Channel switching may degrade the SU’s performance by incurring longer delay and disrupts temporary communication [45]. In the first proposed algorithm, this delay and interruption will be imposed to the network for all channels switching. However, the second algorithm tries to prevent from delay and interruptions of channels switching through utilization of Backup Radio (BR).

In what follows, the properties and operation mechanism of BR are explained.

4.2 Backup Radio Model and Mechanism

In a multi radio network, all of radios are not often active simultaneously in all the times. During the communication, if an SU predicts that channel quality will not be acceptable in the near future and the SU has some idle radios, the BR is selected randomly from these radios. Under the assumption of every radio will be active (sending, receiving or sensing) with independent probability μ, the probability that at least one BR is available can be expressed as follows:

$$P_{UnusedRadio} = 1 - \mu^{R - 1}$$
(9)

where R is the number of data radios. In other words, P UnusedRadio is the probability of finding a BR when the parallel operation is needed. For example, if an SU equips with five data radios and each of the radios is active in 75% of the time, then in 70% of the time BR can be found.

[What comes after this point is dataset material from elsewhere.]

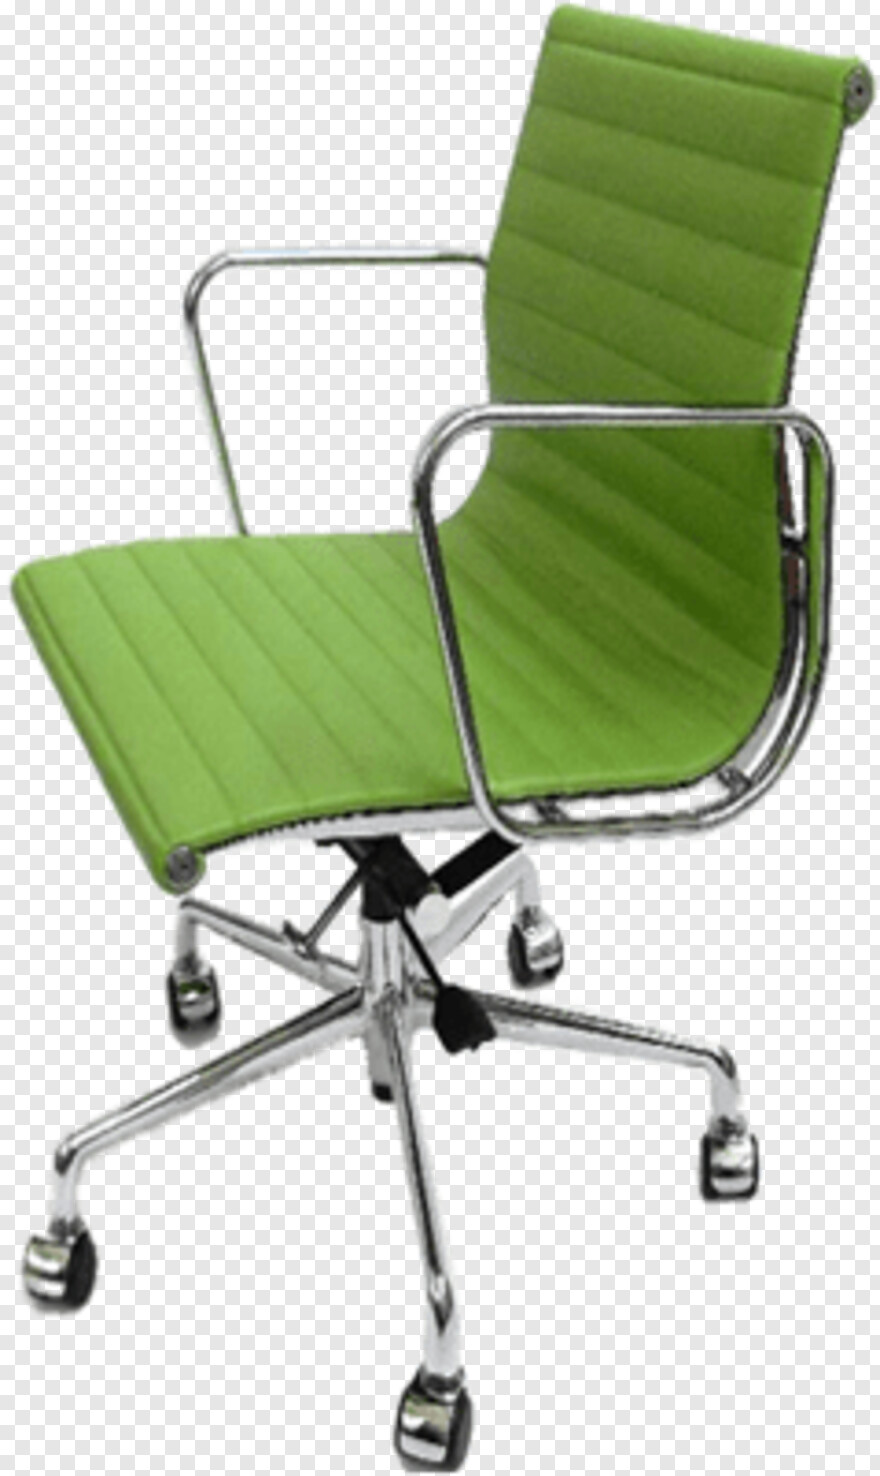 chair # 452032

In the second proposed algorithm, when the critical condition occurs (according to (7)) communication in the current channel is not stopped. Instead, the algorithm tries to find a BR, activates it and then starts the process of selecting a new channel with sending operation (which is carried out by main radio) simultaneously. The BR activity includes selecting a new channel (by automata) and then sensing selected channel to ensure that PU is not active in it. The time of these activities is equal to T sensing in the channel switching process. After selecting a desired channel, handshaking process will be done with T handshaking . Controlled radio performs the handshaking process in parallel to the main radio. Through this, controlled data will be exchanged between sender and receiver. After handshaking, main radio stops sending operation and after a negligible delay (T exchanging on receiver radio), BR continues to data sending operation in a new suitable channel.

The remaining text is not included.